**Dataset content**
:::::

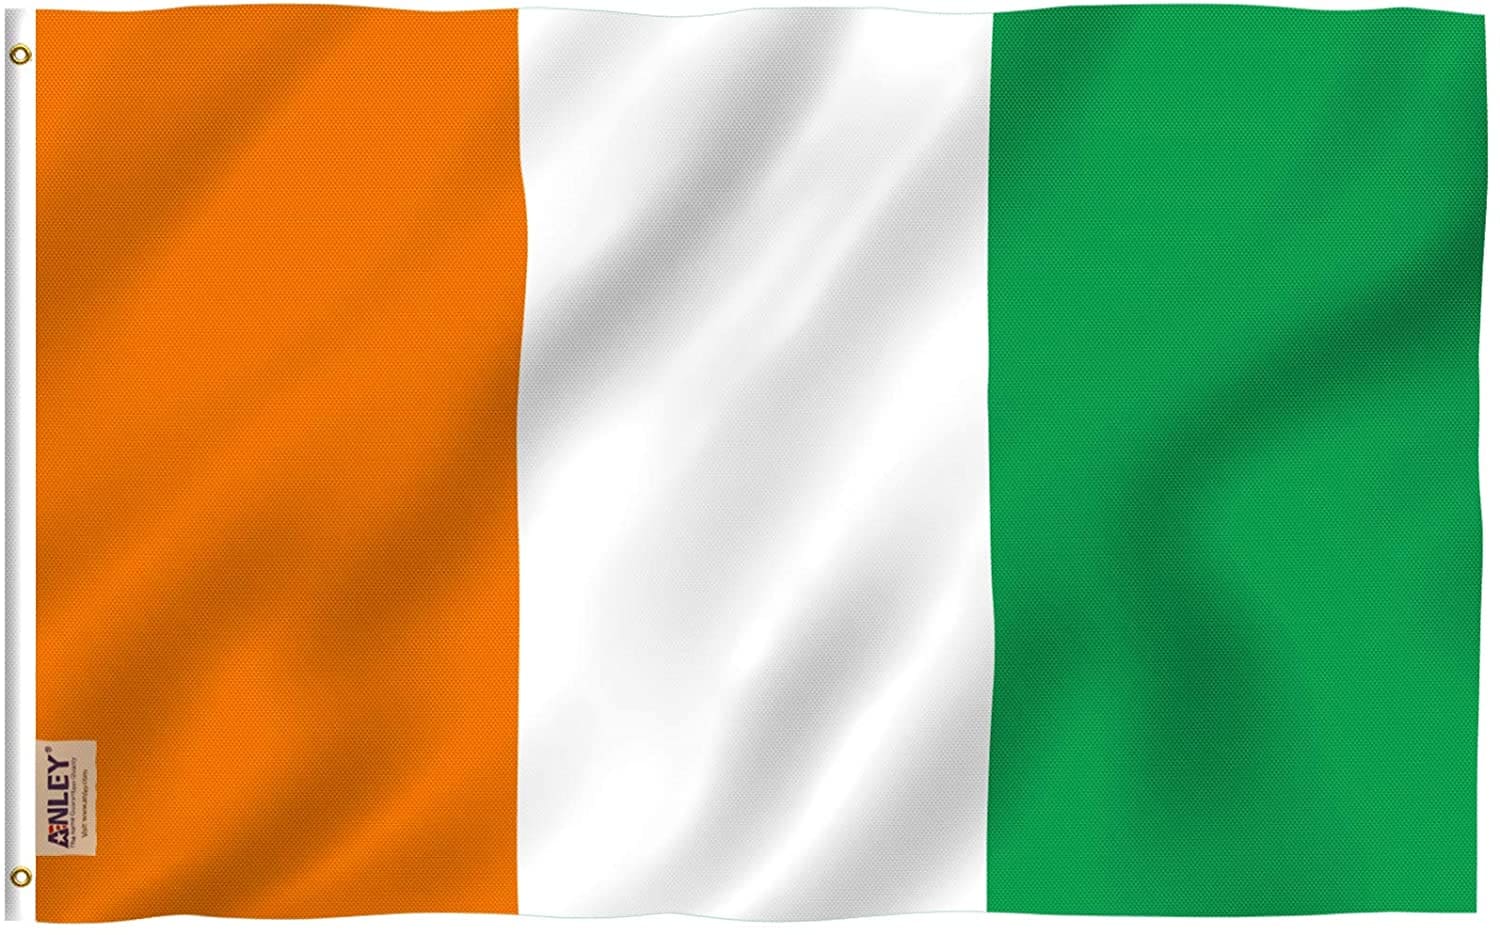 tredobbelt sammen når som helst Anley Ivory Coast Flag 5-ft W x 3-ft H International Flag in the Decorative  Banners & Flags department at Lowes.com
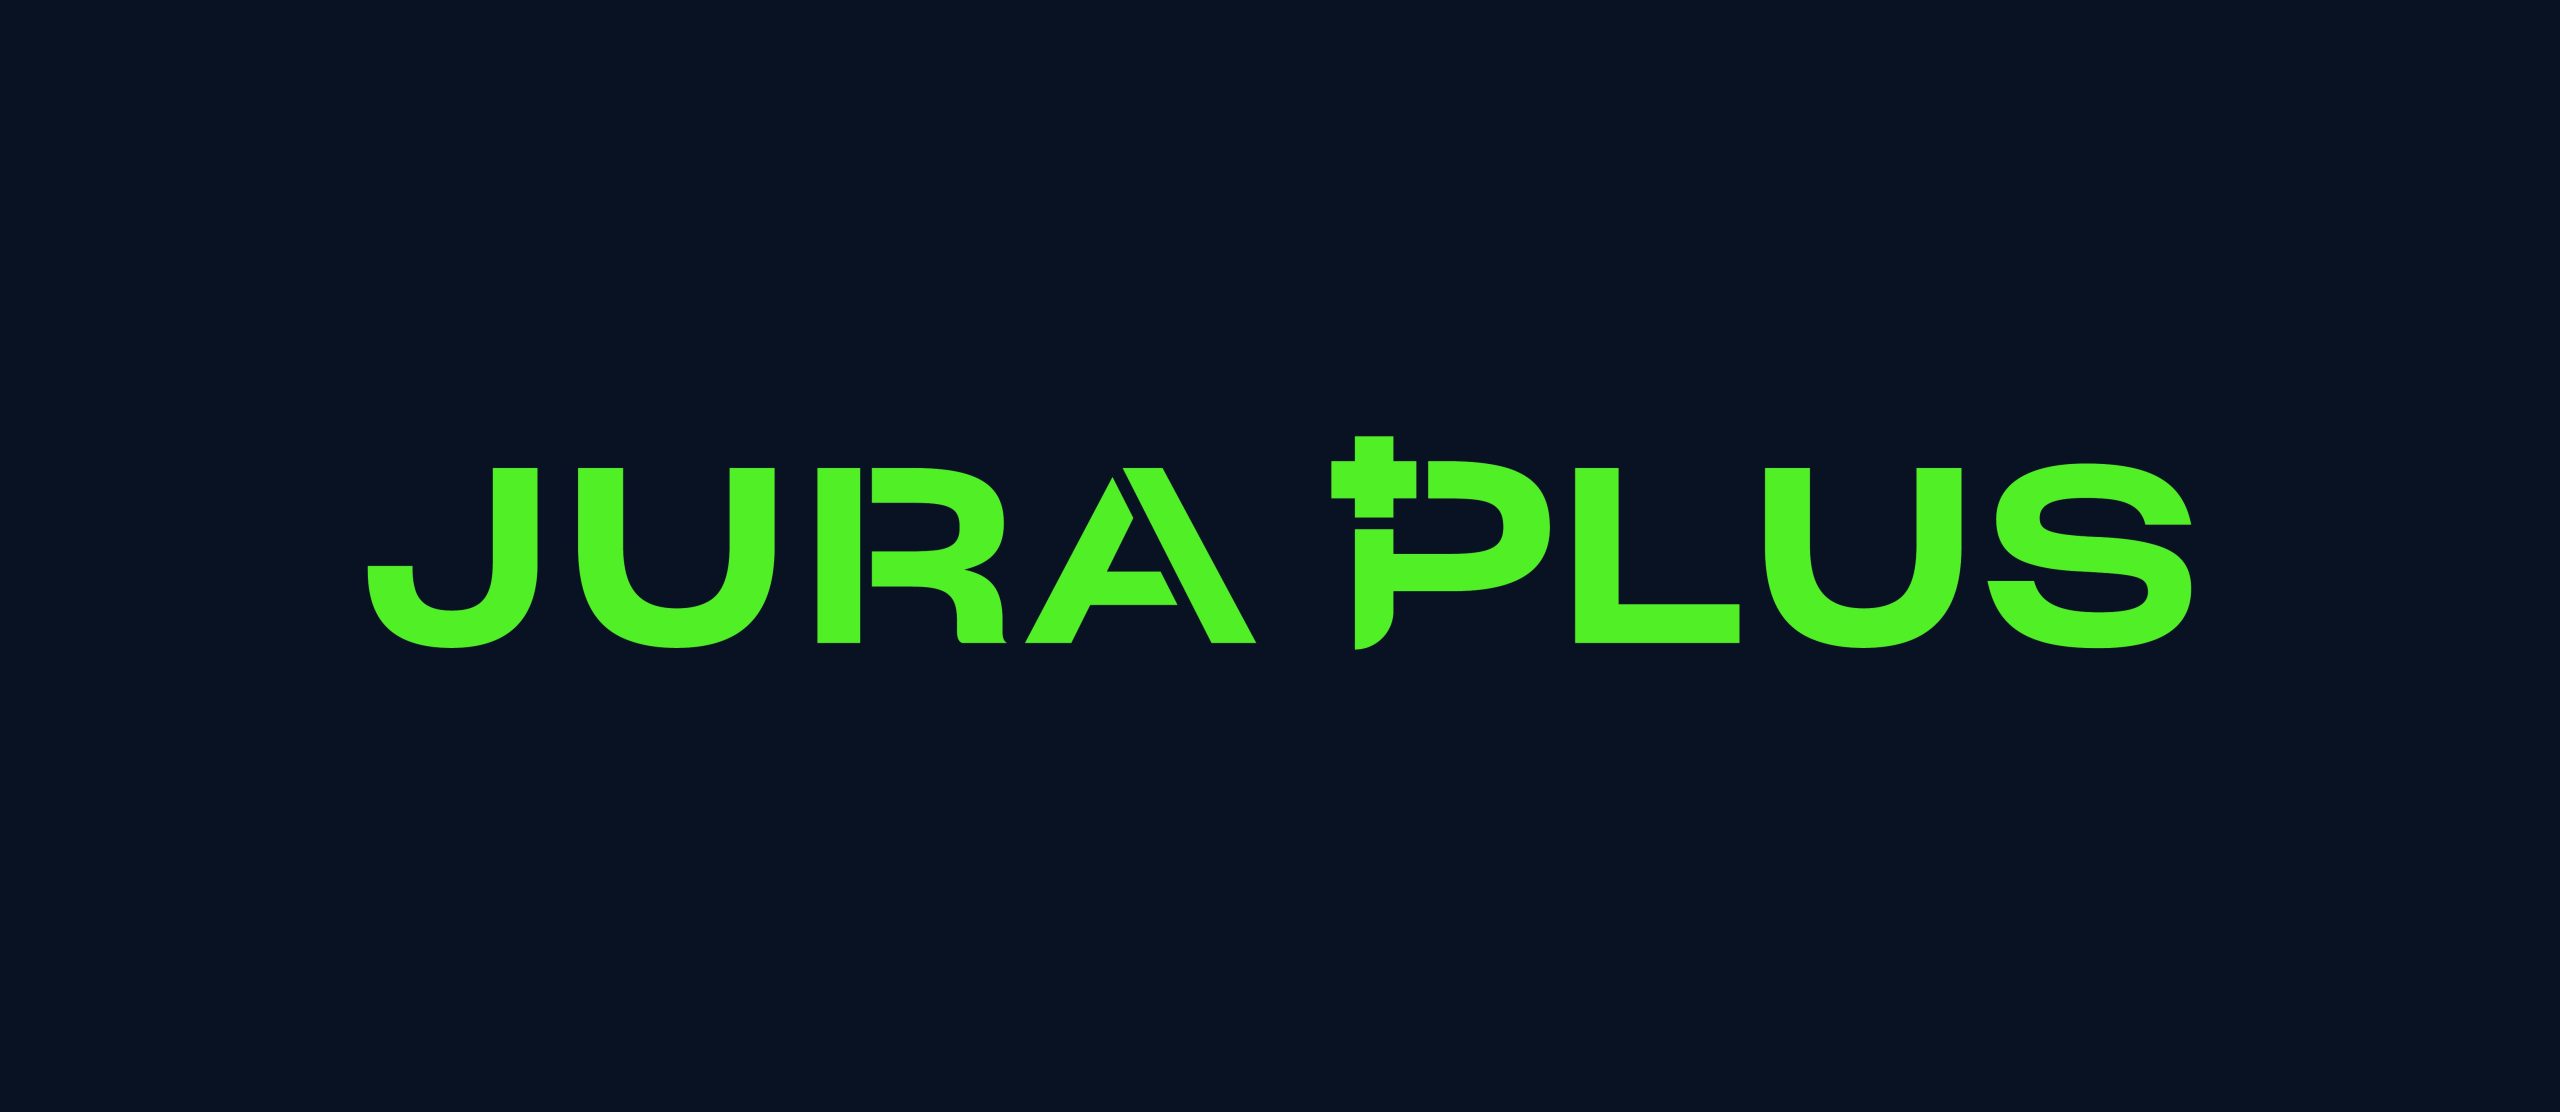 Jura plus logo
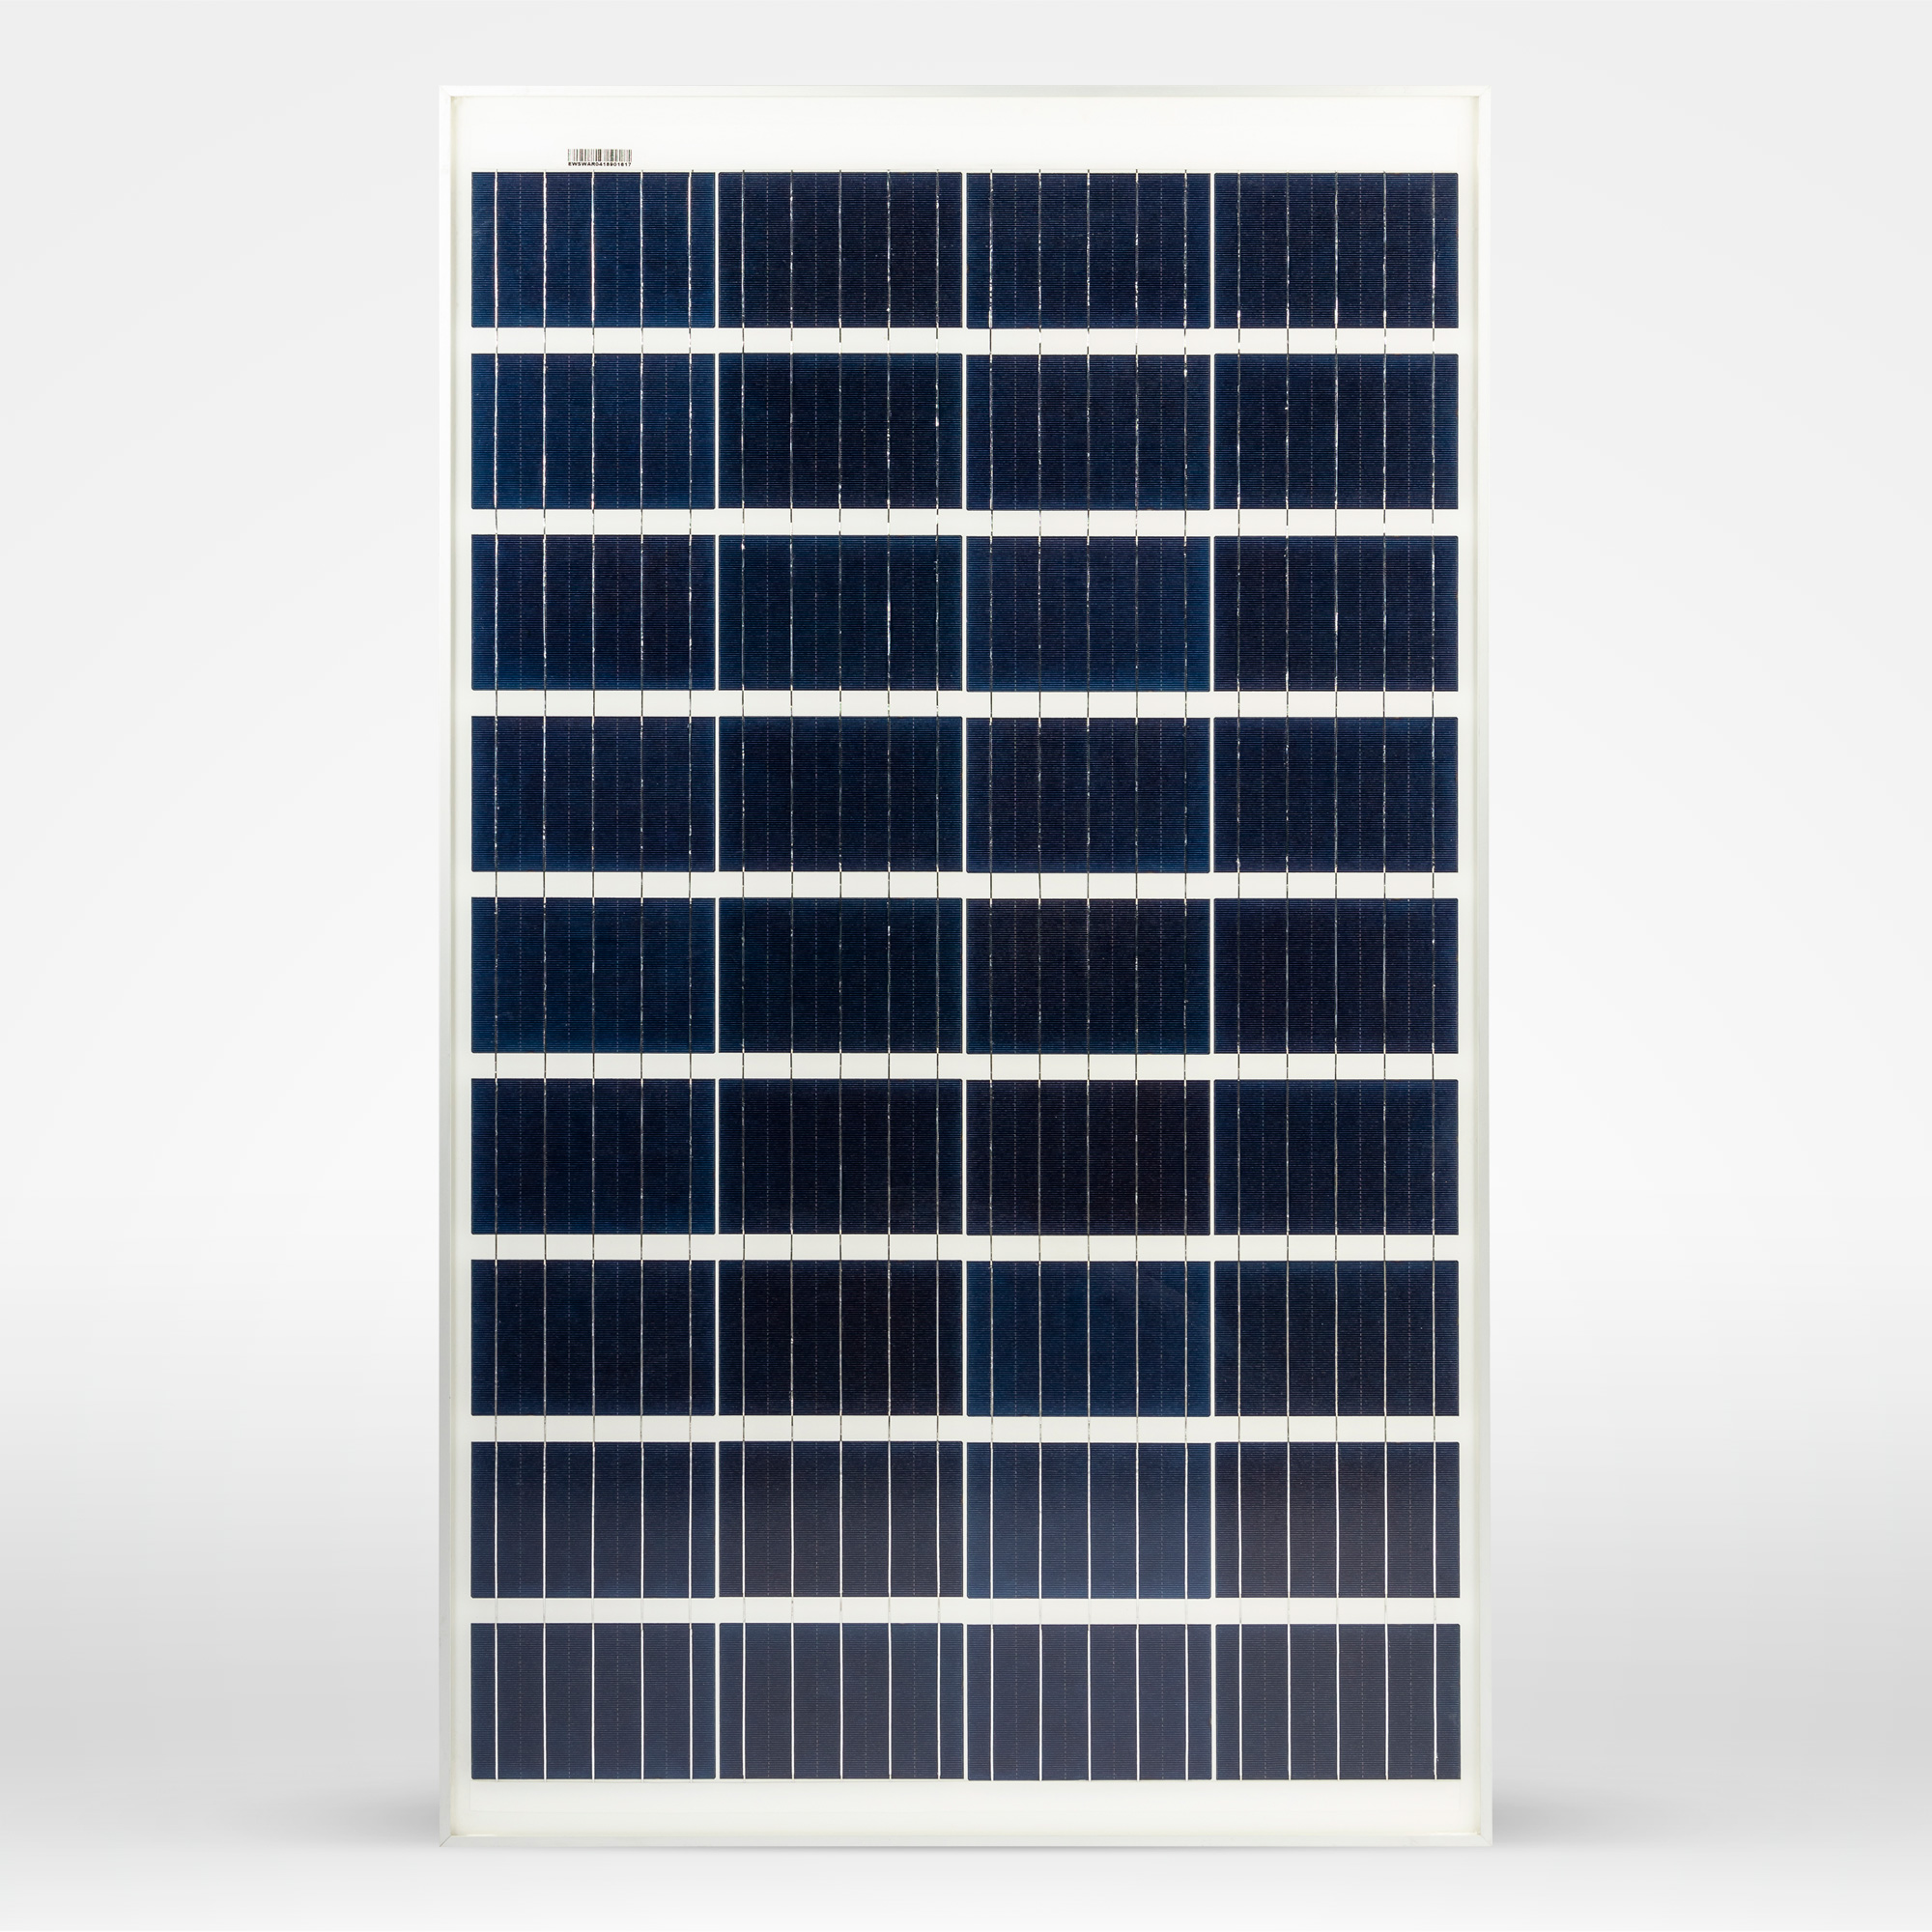 EWS-100P-36-I   Panneau solaire polycristallin 100W

:::::

**What the task requires**
Reprint the whole listing above exactly, taking out the pictures.

**Result of the task**
 tredobbelt sammen når som helst Anley Ivory Coast Flag 5-ft W x 3-ft H International Flag in the Decorative  Banners & Flags department at Lowes.com
 Jura plus logo
 EWS-100P-36-I   Panneau solaire polycristallin 100W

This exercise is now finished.